First we need some facts:
1. One revolution on the clock is 360 degrees or for our exact purposes...2pi radians.
2. The mh has a speed of 2pi rad/hr and an initial position of 0 rad.
3. The hour hand (hh) has a speed of 2pi rad/24hrs or pi/6 rad/hr and an initial position of 5pi/6 rad
Now we want to find the time it takes (t) to make the mh and hh have the same position.
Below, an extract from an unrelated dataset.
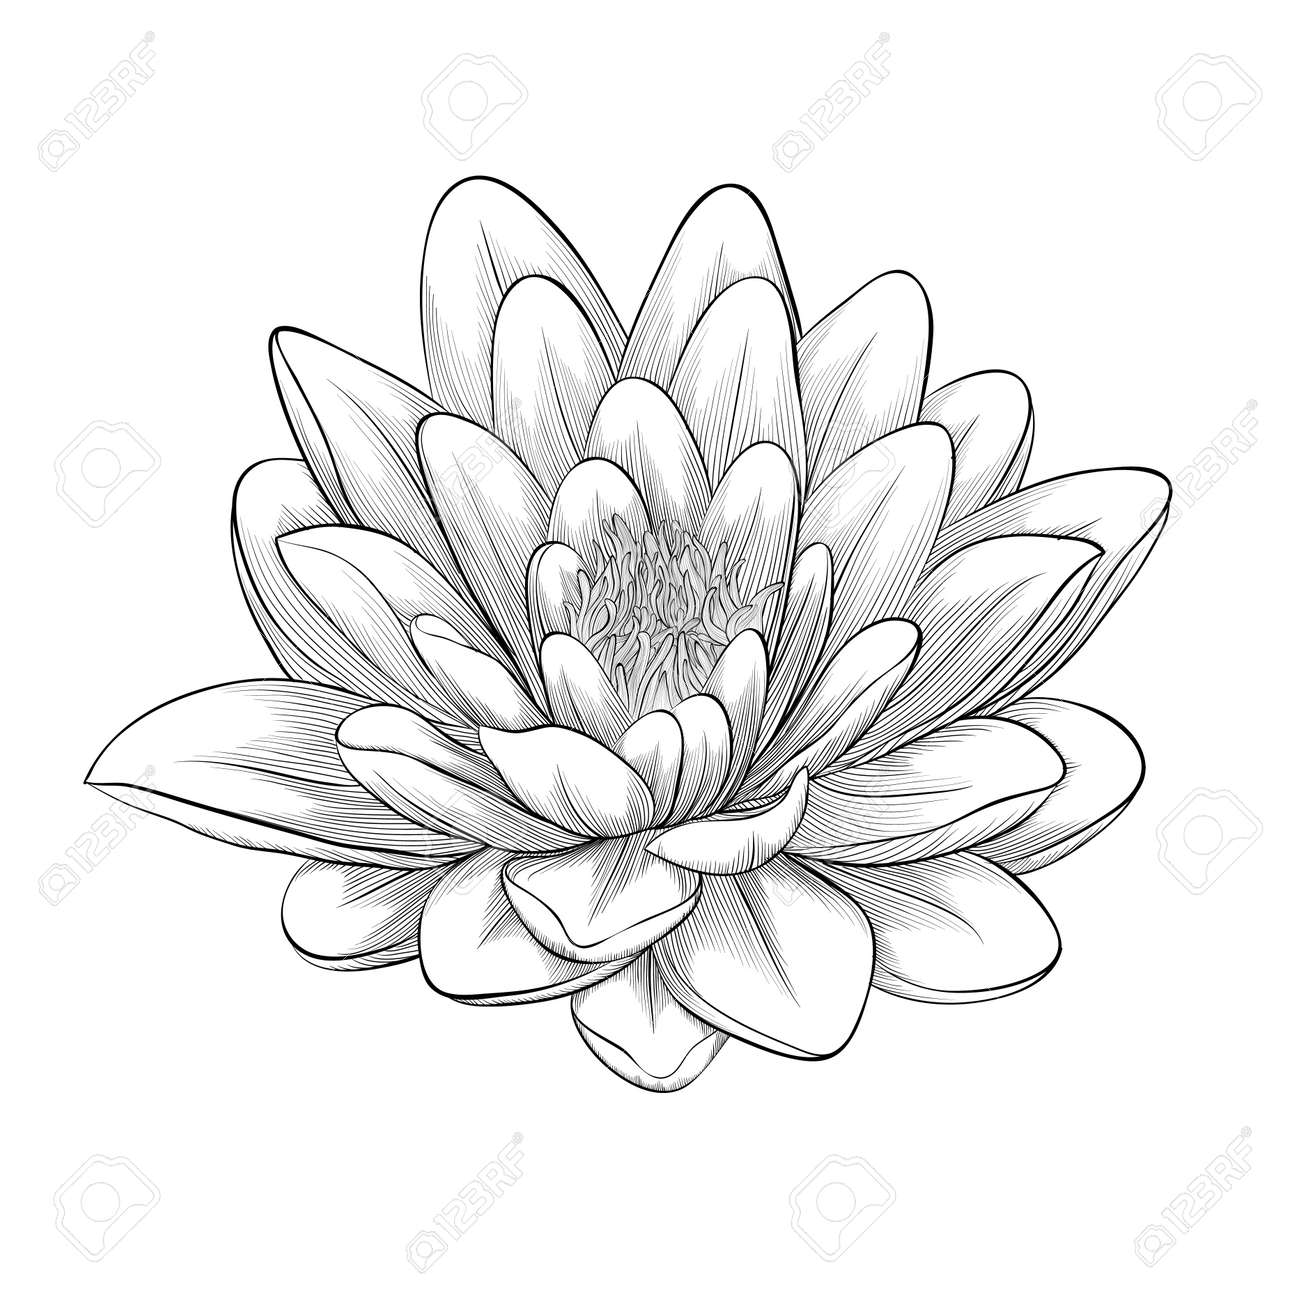 Belle Monochrome En Noir Et Blanc Fleur De Lotus Peint En Style Graphique Isolé Sur Fond Blanc

set up as initial position plus rate times t for the mh and hh:

mh: 0 + 2pi(t)
hh: 5pi/6 + (pi/6)t

now set equal and solve for t:
0 + 2pi(t) = 5pi/6 + (pi/6)t
2pi(t)-(pi/6)t = 5pi/6 (group like items)
12pi(t)/6 - pi(t)/6 = 5pi/12 (like denominators)
11pi(t)/6 = 5pi/6
11pi(t) = 30pi/6
11t = 30/6
t = 30/66 (in hours) = .454545... hours = 27.2727...minutes = about 27 minutes and 16 seconds.

We add this time to 5 o-clock and we get 5:27:16

That was fun!!!!!!!!

Answer 7

it depends on what ur watch is , If it works very exact , then this is the answer ;
let 5:y' be the time when the hands first meet then we have
y/12+25=y then 11y=12*25 hence y=300/11

Answer 8

You don't need an equation, just use your brain.
12 Midnight. (Don't think it's 6:30)

Answer 9

5:27? i ono i was never good at math.